Познакомились они еще в пору молодости скитальца в придорожной корчме, что стояла у границ Бурого Предела, простирающегося на многие сотни лиг к юго-востоку. Внешне эта корчма напоминала месиво из коровьего дерьма и извести, но внутри была на удивление уютной. Именно этот «домашний» уют притягивал проходящие мимо обозы кжиников и купцов, следующих вдоль границ Предела. Они все еще лелеяли надежду выстроить подобие торговых отношений с давно уже одичавшими селениями на северо-востоке. Облюбовали эту корчму и личности более сомнительного вида, до дел которых никто и не проявлял излишнего интереса, разумно понимая, куда он может завести.

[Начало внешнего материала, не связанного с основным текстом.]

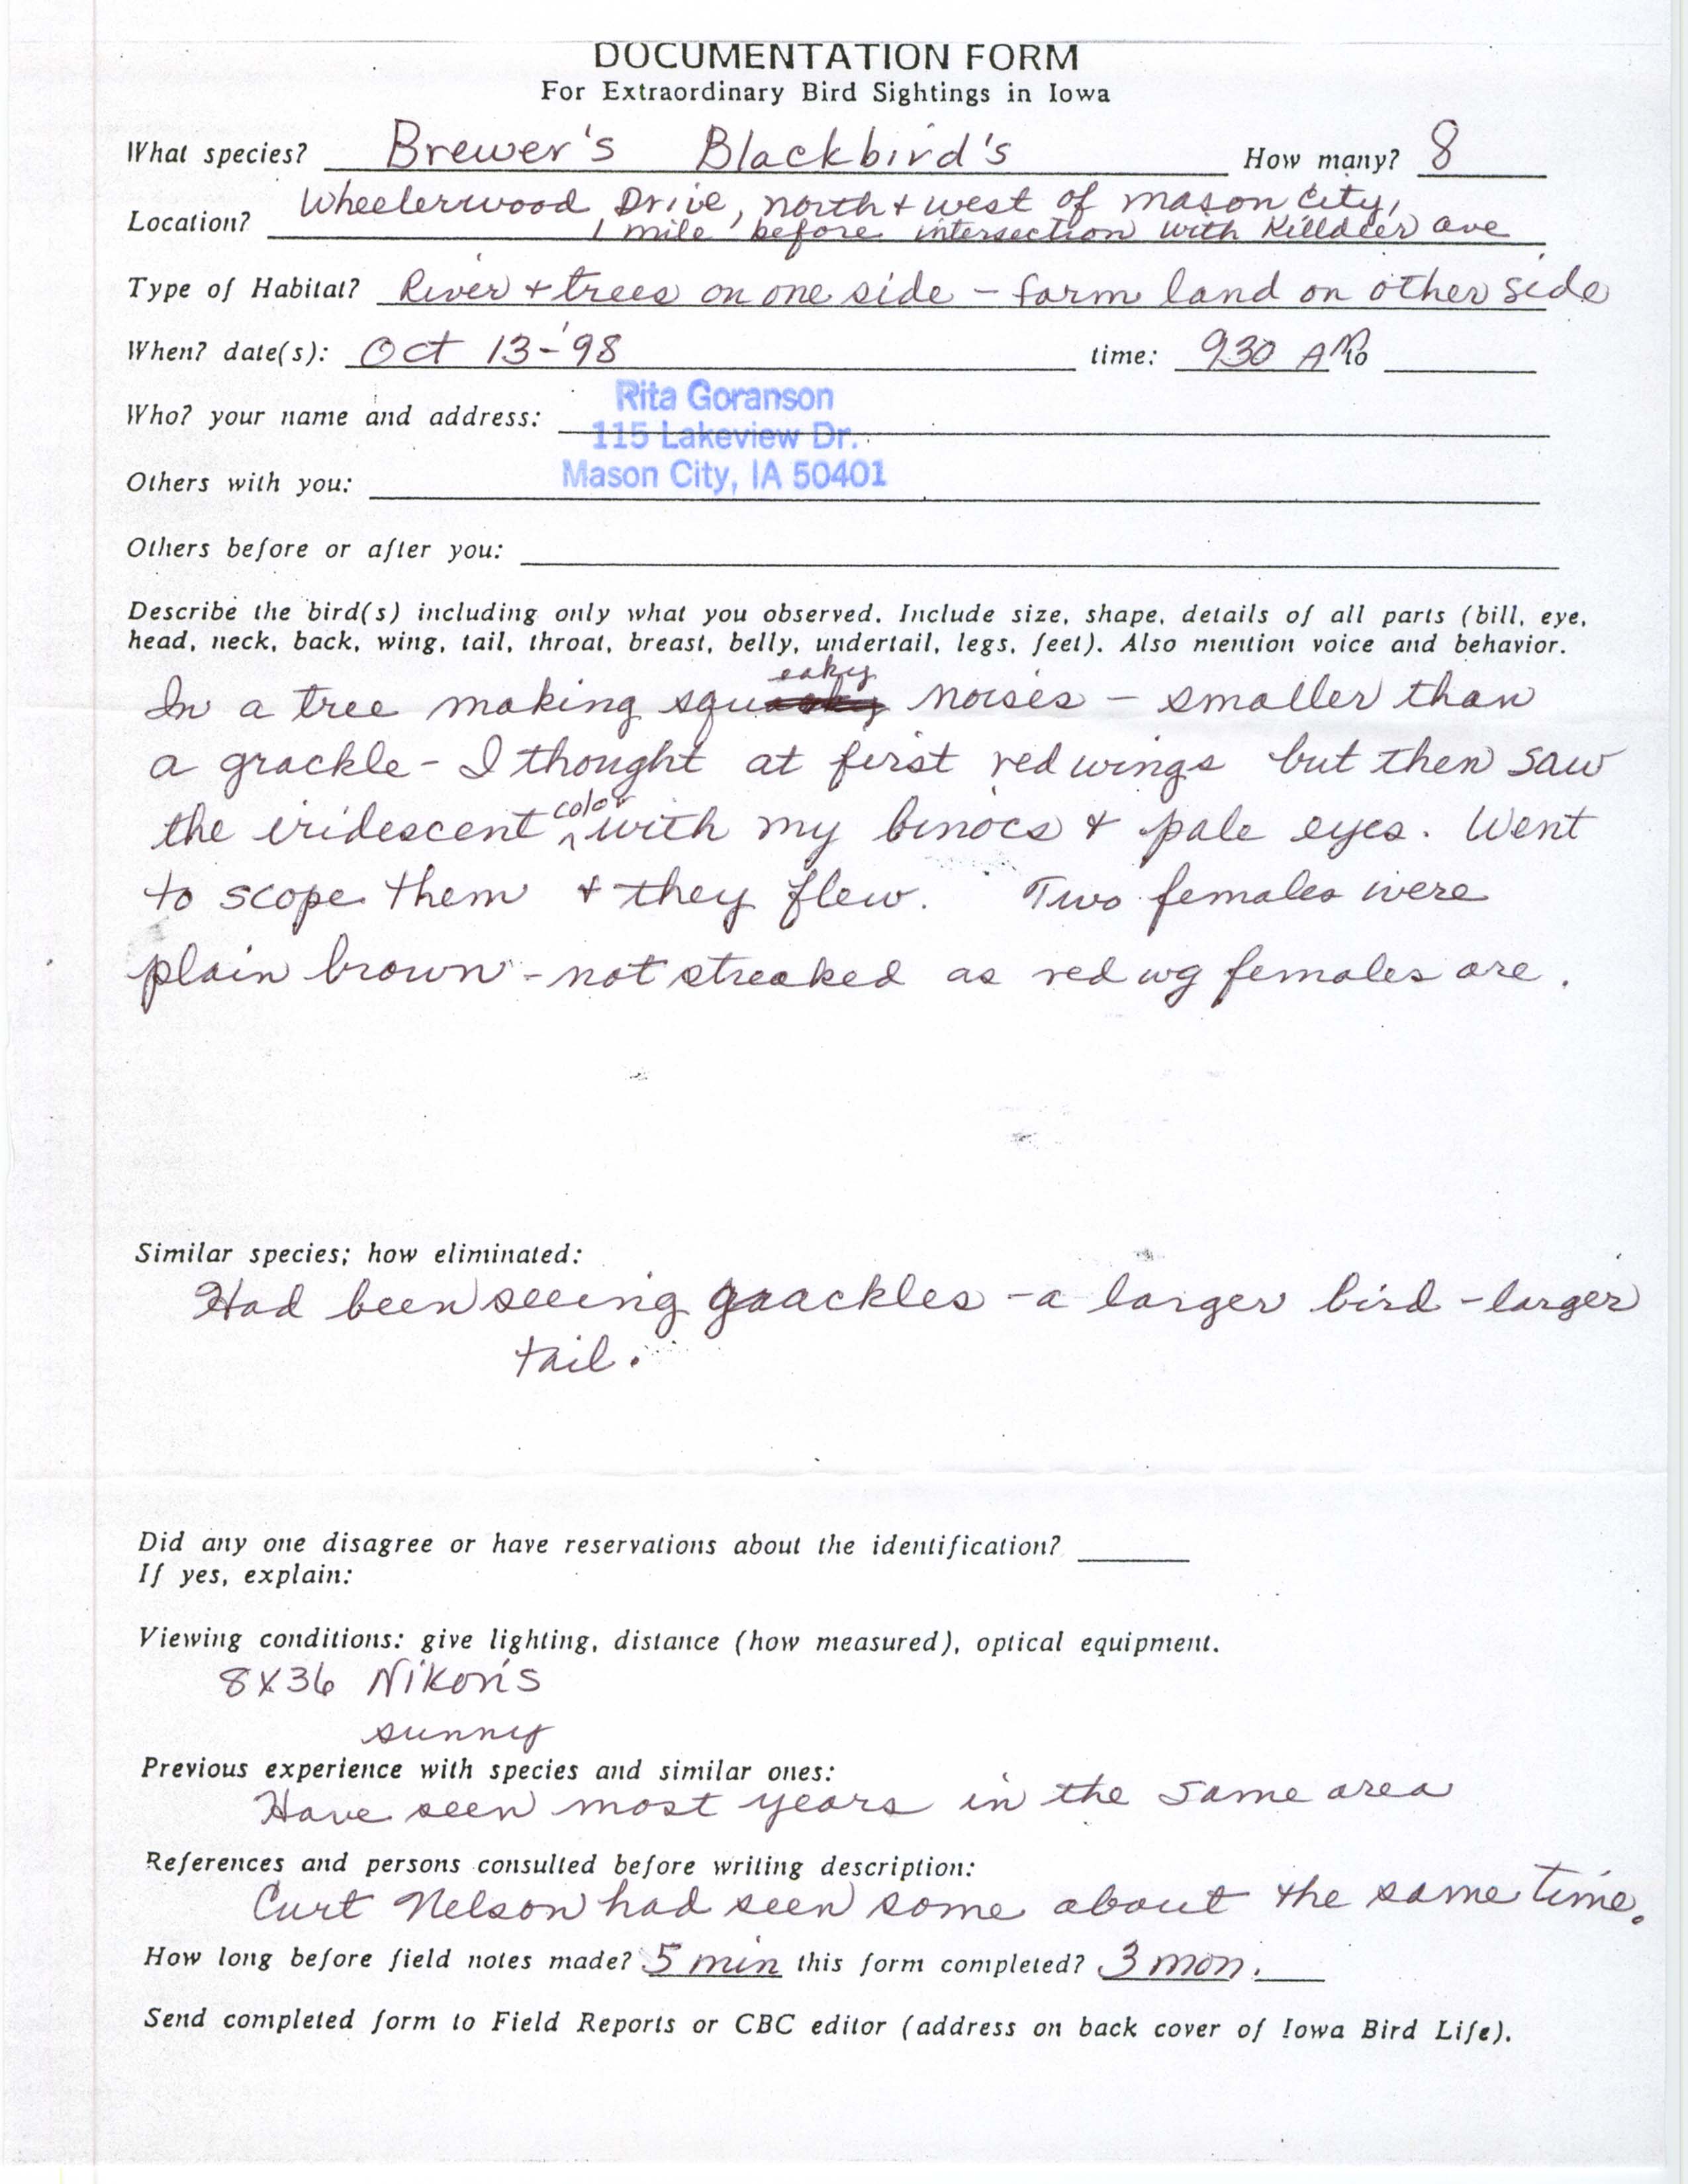 Rare bird documentation form for Brewer's Blackbird northwest of Mason City, 1998

Теми днями Эйстельд нес дозоры у этих границ, по большей части обитая на бескрайних пустошах, и лишь изредка появляясь в селениях неподалеку. За это время он научился быть готовым к любым встречам: с отрядами местных мародеров, благородными бандитами, ветеранами всевозможных войн, которые никого не страшились и всегда намеревались брать то, что казалось им своим по праву. Такие встречи (если пытающие удачу были настолько глупы или настолько отчаянны, дабы связываться с Серым скитальцем) Эйстельд и его верный клинок заканчивали быстро, навсегда избавляя «гостей» от сложностей дальнейших набегов.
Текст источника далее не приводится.